The good news is that the new Sleuth looks intriguing (more on this later) and delivers several laughs - plus a few moments of genuinely gripping dramatic tension. The partly bad news is that, whatever it says on the poster, this is first and foremost 'A Film By Harold Pinter' - and though he has had plenty of screen experience, the veteran dramatist is here at his most stagey, delivering the kind of dated, stylised, comedy-of-menace dialogue that reminds us where the adjective Pinteresque came from, and why it's not always a term of praise.

It may seem sacrilegious to suggest, but Sleuth might have turned into a very good film indeed if the Nobel Laureate's darker, more aggressive take on Shaffer's play had itself been tweaked by a writer with an ear for naturalistic speech. It's perhaps no accident that the film got a warmer reception in Venice from the locals - most of whom were reading subtitles that softened down Pinter's edges in translation.

Still, Pinter's version has the merit, at least, of ironing out some of the dramatic problems of the Shaffer original - chiefly the charisma deficit between the two main characters. In the play and earlier film, writer Andrew Wyke (played by Olivier) was an upper-class snob with a gleefully vicious side to his character, who ran rings around Caine's hairdresser Milo Tindle - which made the reversal of the balance of terror in the last part a little unconvincing.

In Pinter's rewrite, Wyke is a little less impressive and Tindle a little more so. Caine's Wyke is a wealthy, successful writer of crime novels but by no means to the manor born - even though he lives in one. Jude Law's Tindle is an out-of-work actor - at least one step up from a hairdresser in most people's books - but more importantly, he has a hungry, animalistic edge to him that has both a weak side (as when he cowers in fear of a gun) and a strong one, expressed mostly in the confident, androgynous sexual prowl he adopts when he's on top of the game in the second half of the film.
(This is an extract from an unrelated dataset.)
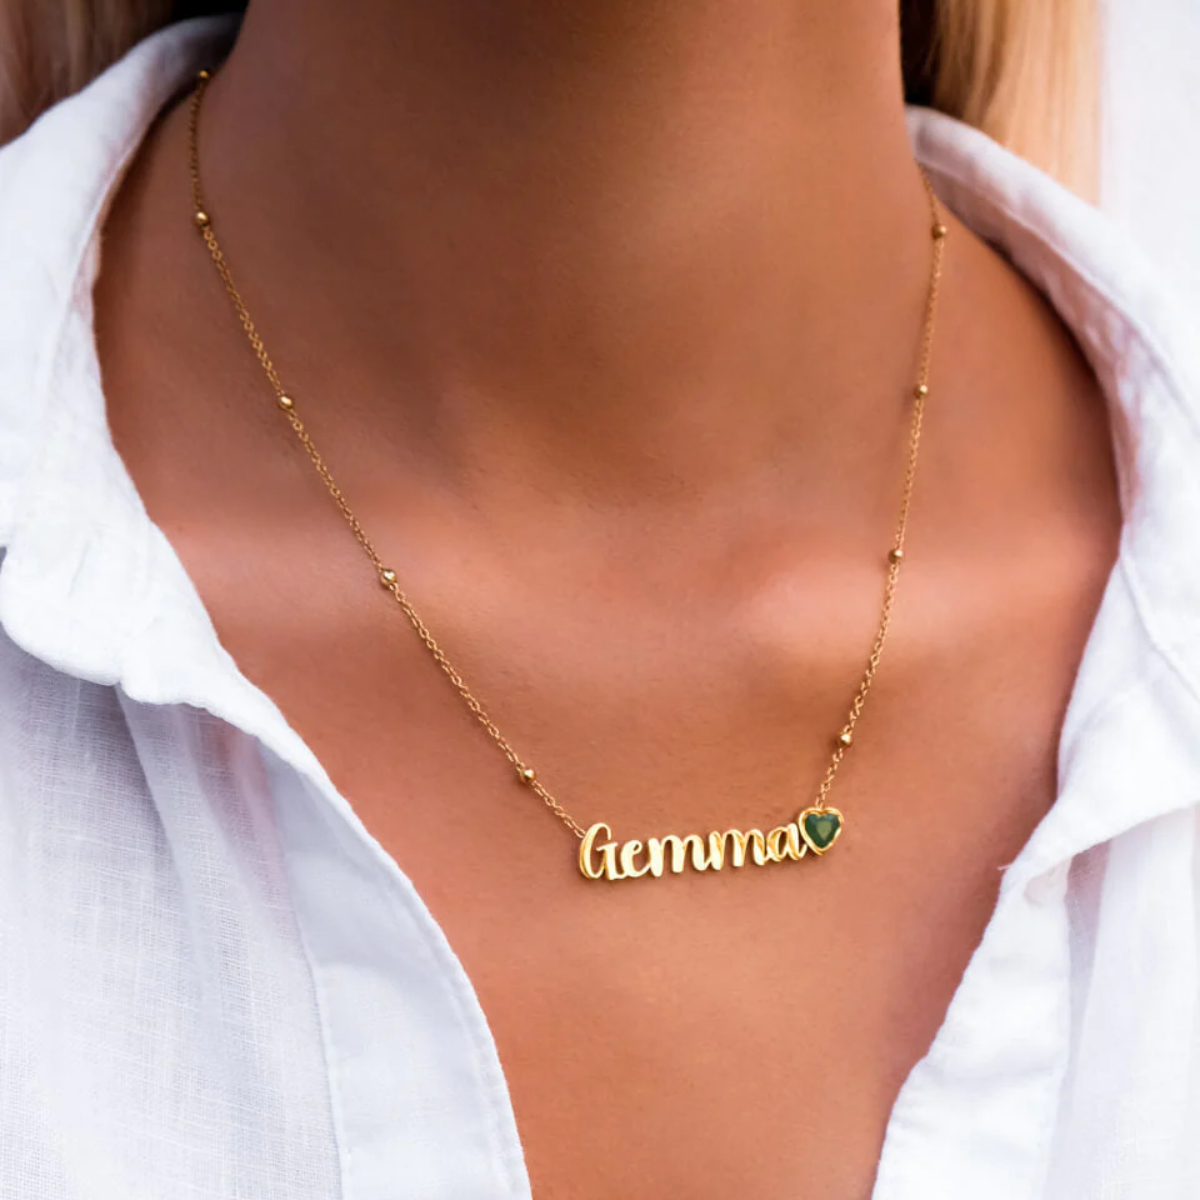 21. Personalized Name Necklace: A Unique and Thoughtful Anniversary Gift Idea for Her
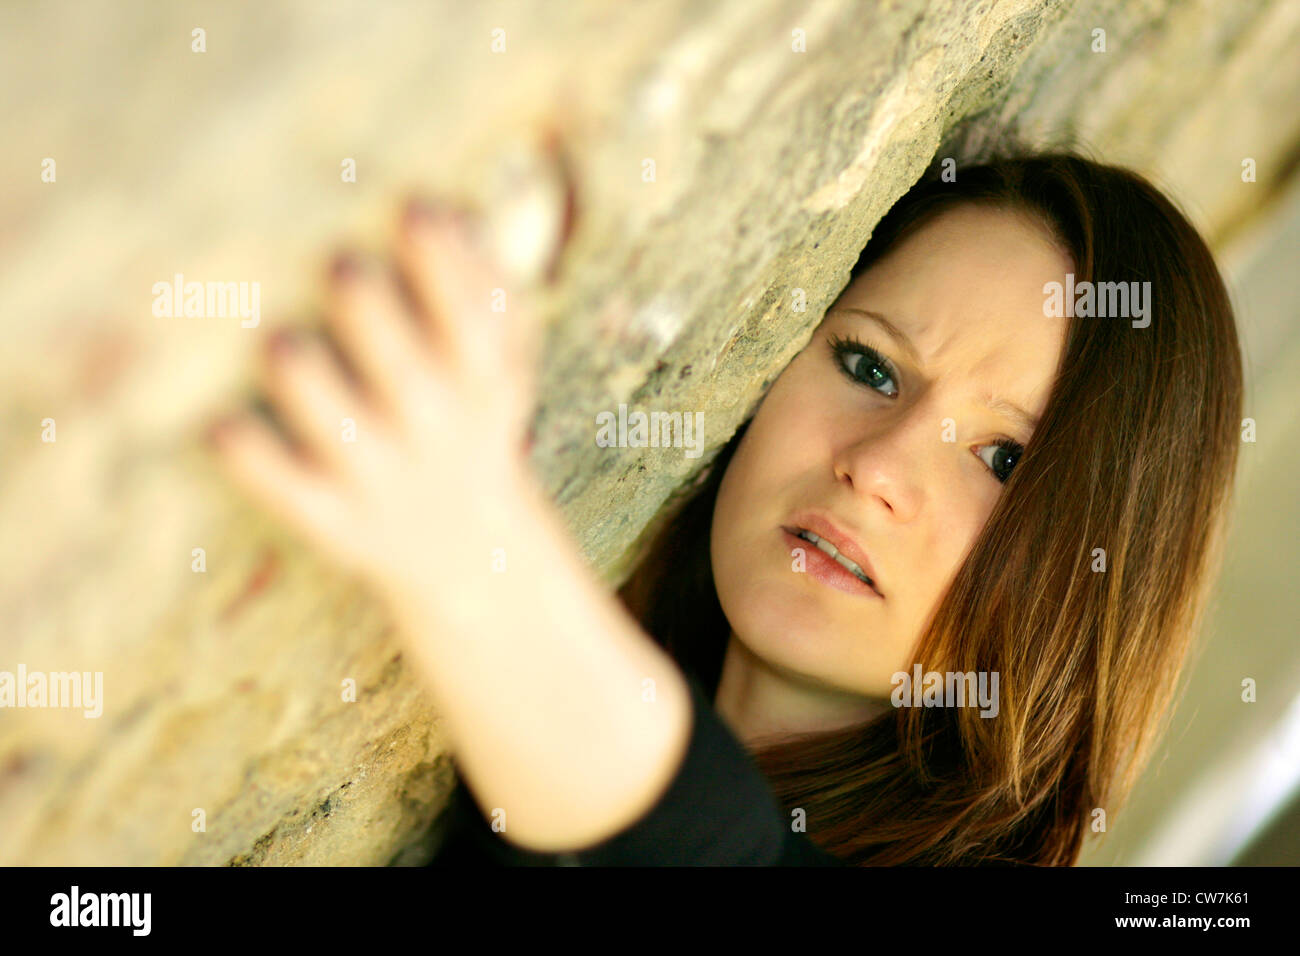 young woman with long brown hair leaning against a wall Stock Photo

The switchback mind games and ritual humiliations the two men inflict on each other are difficult to describe without giving away most of the plot. The premise, though, is simply stated: Tindle is living in London with Wyke's wife Maggie, and has come down to the writer's palatial country residence to discuss divorce terms, man to man. Wyke, at first smooth and reasonable, soon reveals a psychotic side: he's not that bothered about losing Maggie, but he is determined to punish this shallow upstart, with his tacky blond highlights and thumb ring, for taking something that belongs to him.

Law holds his end up gamely against the experienced Caine, though at one point, when his character is himself playing another character, he suffers from the same regional- accent-wobble that marred his Mancunian barman in My Blueberry Nights. Easily the best thing about Sleuth, though, is the third major presence: Wyke's house. Outside, it's a typical English country house; inside, it's a high-tech designer playpad filled with gadgets, from surveillance cameras to shifting mood lights to a centre-room lift.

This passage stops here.